#### Problem requirements:
Among the entries that follow, locate the line with "Varios Spartans de" and the line with "Buchstabe aa-Logo-Design. aa-Logo". Output those lines and all lines in between, exactly, minus the pictures.
+++ Available data
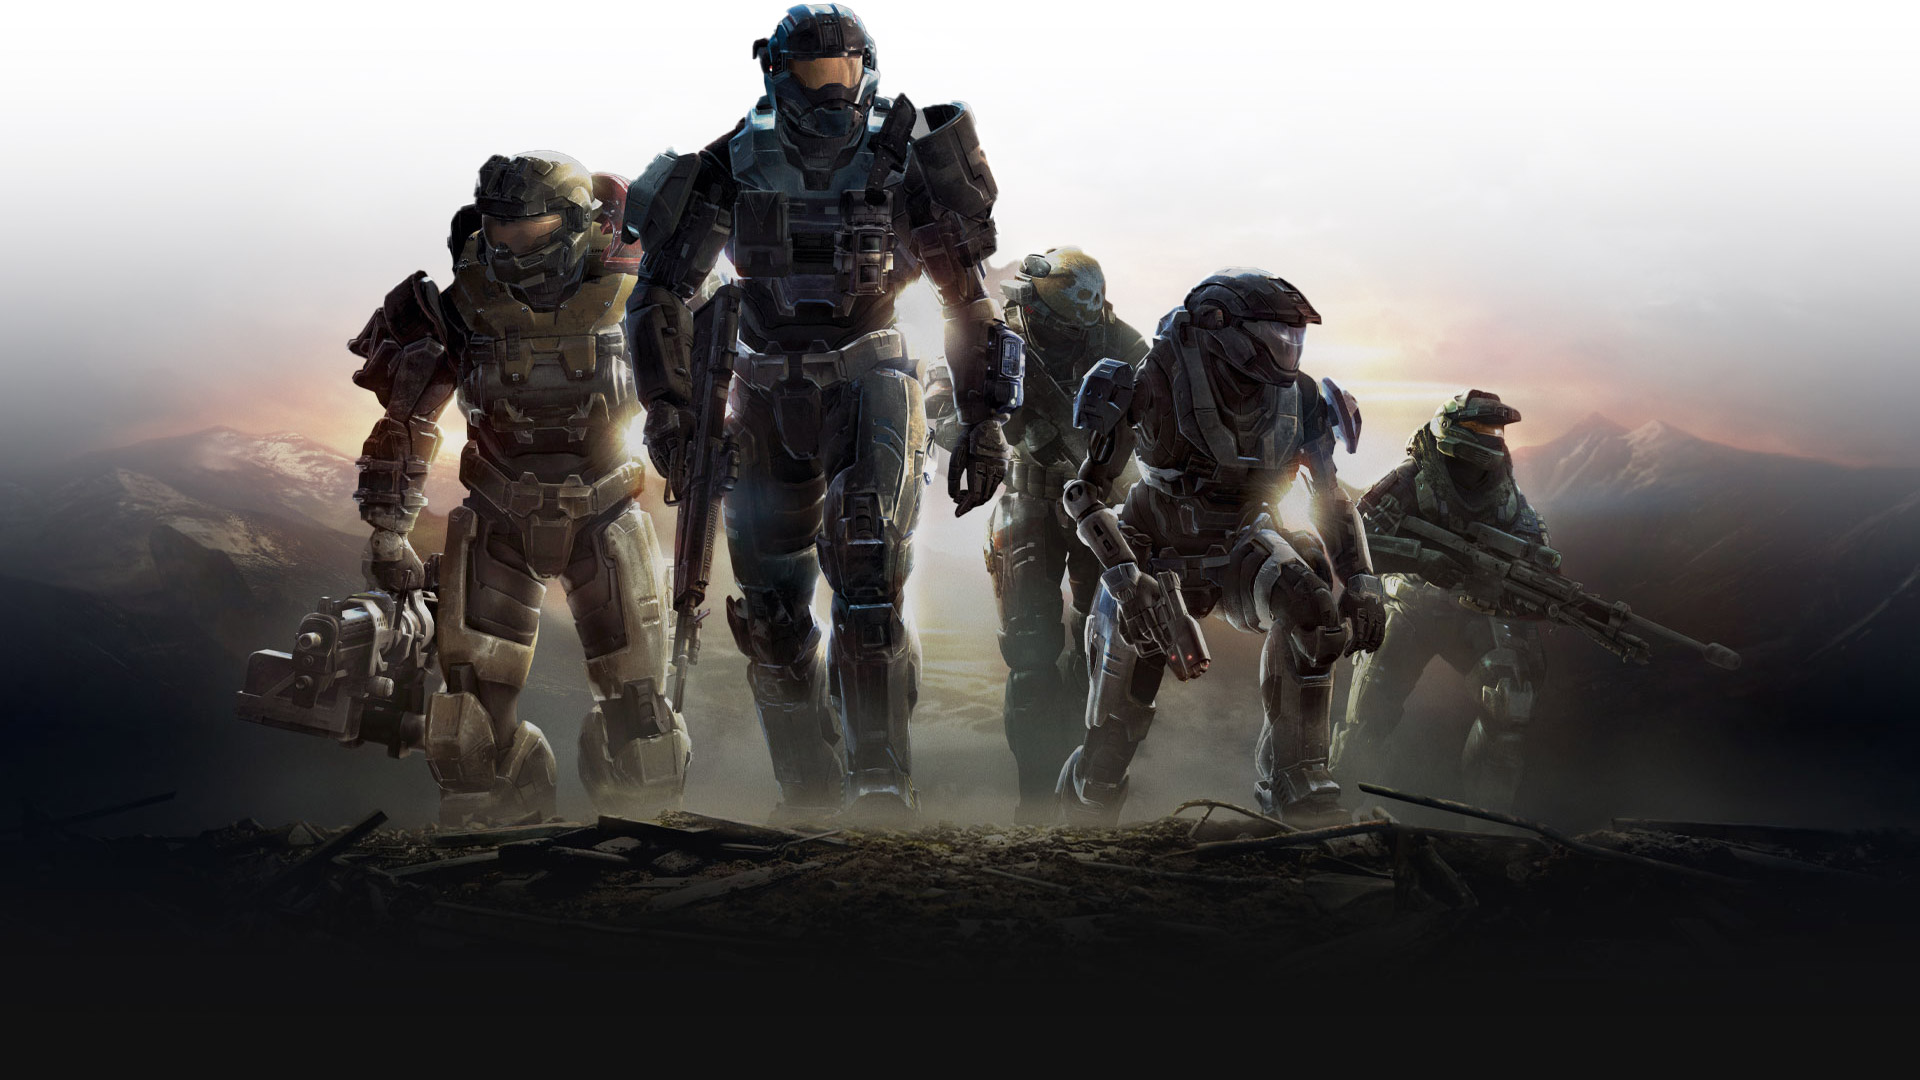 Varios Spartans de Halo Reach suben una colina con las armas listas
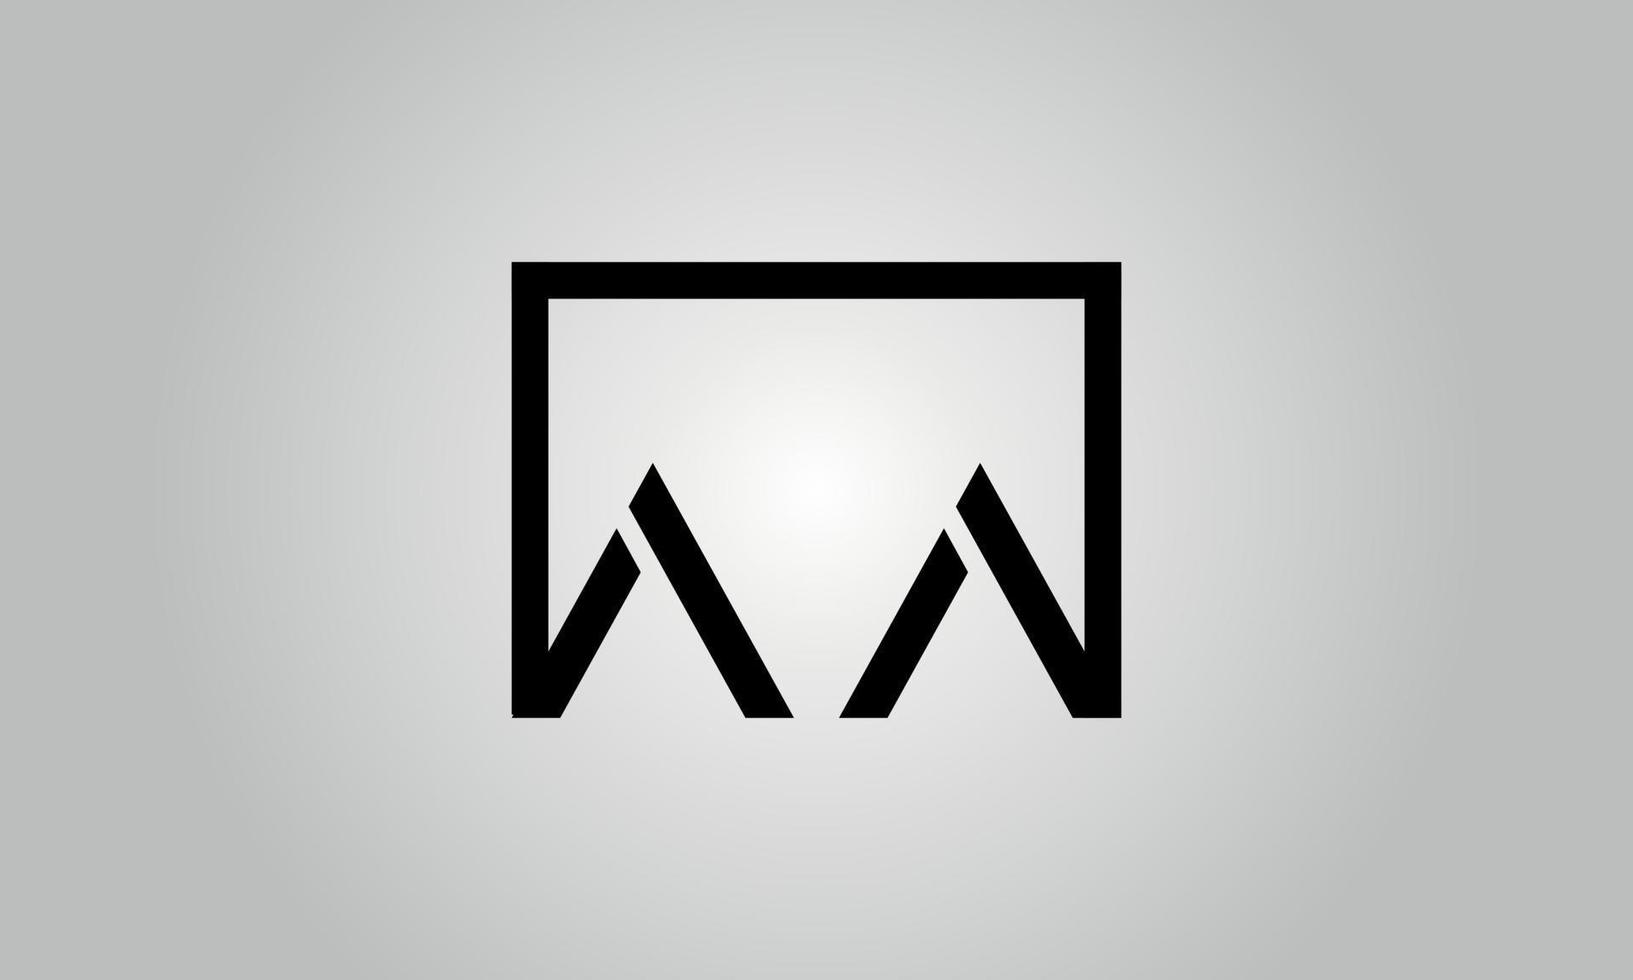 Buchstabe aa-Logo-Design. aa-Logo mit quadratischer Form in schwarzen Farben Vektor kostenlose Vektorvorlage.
++++++
+++ Available data
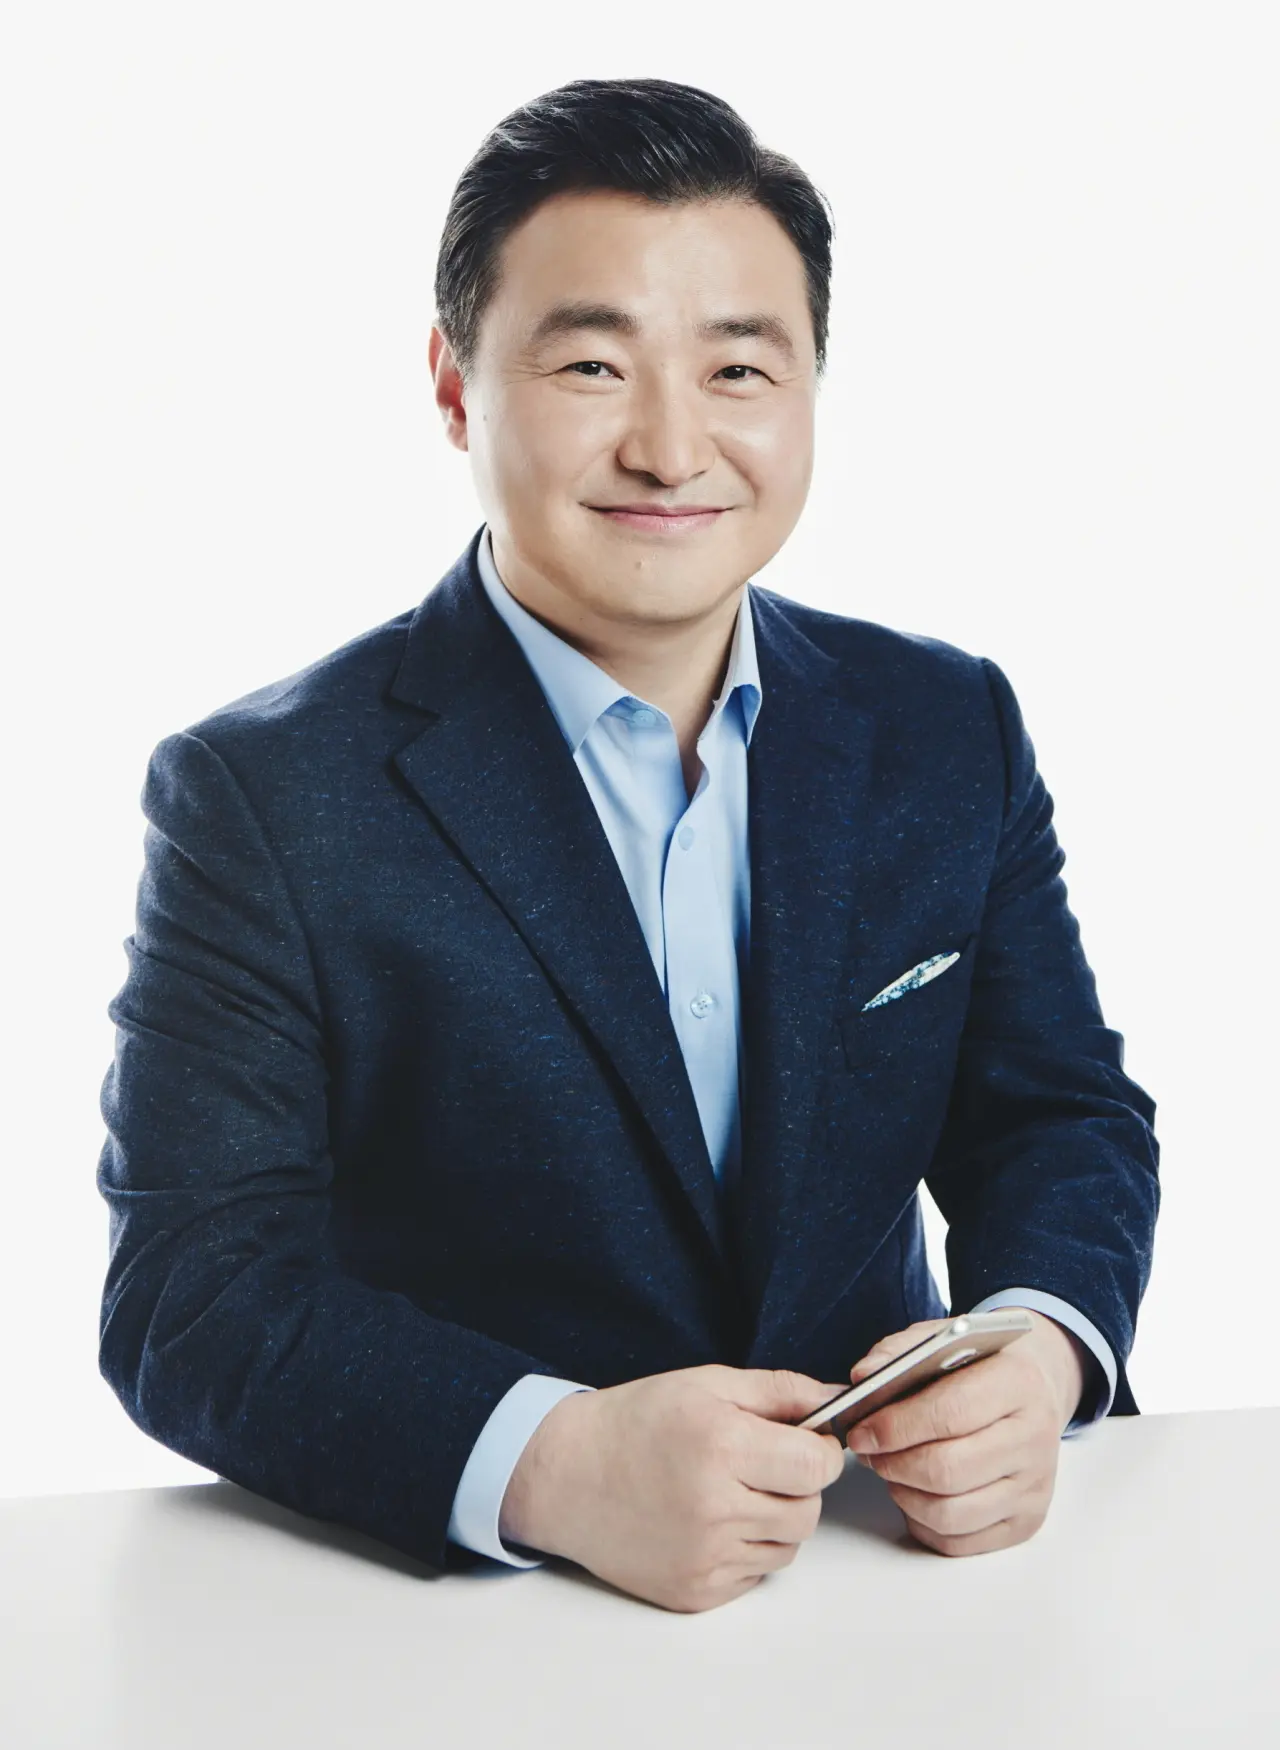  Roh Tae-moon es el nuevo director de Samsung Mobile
++++++
#### Problem solution:
 Varios Spartans de Halo Reach suben una colina con las armas listas
 Buchstabe aa-Logo-Design. aa-Logo mit quadratischer Form in schwarzen Farben Vektor kostenlose Vektorvorlage.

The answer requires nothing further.